Whats was this theatres name when Loews ran it till it closed? Yeah Mike you do not change the marquee if you do not change the movie, did not have to pay to change the marquee one time for 26 weeks at one of my theatres. By the way did you guys get paid extra to change the marquees in your day? Loews paid the doorman most of the time seperate to change to sign.We paid out straight hours for each marquee,each theatre paid out a different amount because of the different size marquees, the Crescent paid the less be cause we only had one signboard.
Doggoneit,daviddwny,what did you expect the marquee to have on it?
I worked at the Cinema Endicott from 1990-1993. In fact I helped close the theater on its final night. If memory serves me correctly the final film shown was “The Joy Luck Club”. I kept the movie one-sheet from the final performance as a memento but unfortunately over the years it got water damage and it was eventually ruined.
One of my other obscure memories from my time working there was having “Dances with Wolves” run at the theater for 26 weeks! A half a year… one screen… one movie.
The Cinema Endicott was truly a classical single-screen theater from a bygone era. I have great memories of it as a both a patron and later as an employee.
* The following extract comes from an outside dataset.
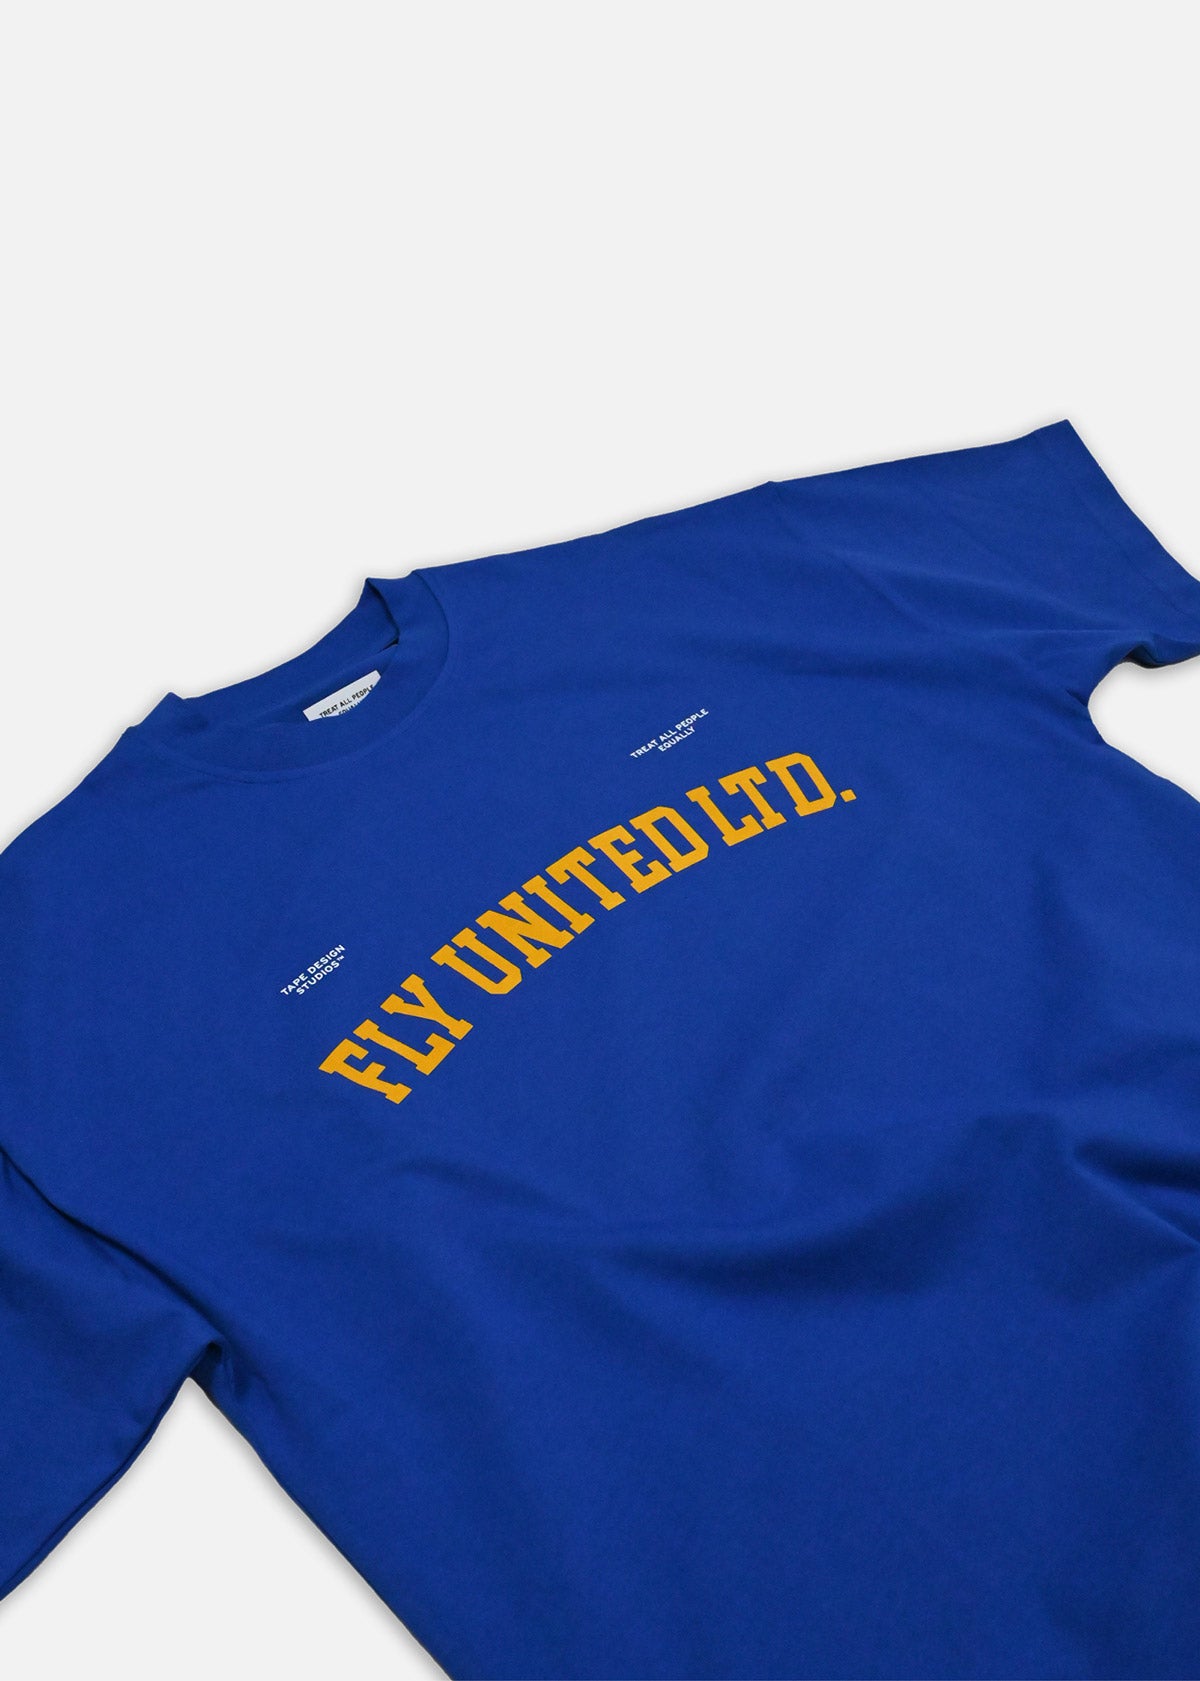 Fly United LTD. T-Shirt

the neighboring theater was the Elvin, owned and operated by the Ammerman family, torn down in the early 60’s to make way for a bank.
I used to live in Endicott in the 50’s and 60’s.
I believe that Ben Hur opened there to great fanfare in the late 50’s. They had spotlights and all the Marques proclaiming it’s opening.
There also was another theatre nearby???
I can’t remember the name?
I believe the site is now a chain drug store or the parking lot for a chain drug store — I’m not sure that is what the neighborhood needed. I remember this as a nice single screener. I remember when “An Officer and A Gentleman” played here for 5 months straight — every day the marque said the same thing when I passed by.
I grew up around the corner from the State Theater and remember when it was renovated for CinemaScope. The screen was touted as being 40 feet wide, the six track magnetic stereo was as close to surround as the 50’s could come, and a glittery sign stretched over the box office proclaiming, “Acclaimed one of the nation’s most outstanding theaters for CinemaScope."
The original marquee was a work of art, with five alternating lighting cycles: neon only, incandescent bulbs only, neon only, bulbs "running,” and then neon and running bulbs together.
In the mid-60’s the theater reduced the size of the screen, moved the lobby into a former store front, offered foreign films and demi-tasse coffee, and changed its name to “Cinema.” That art house phase didn’t last long, and the theater went second run.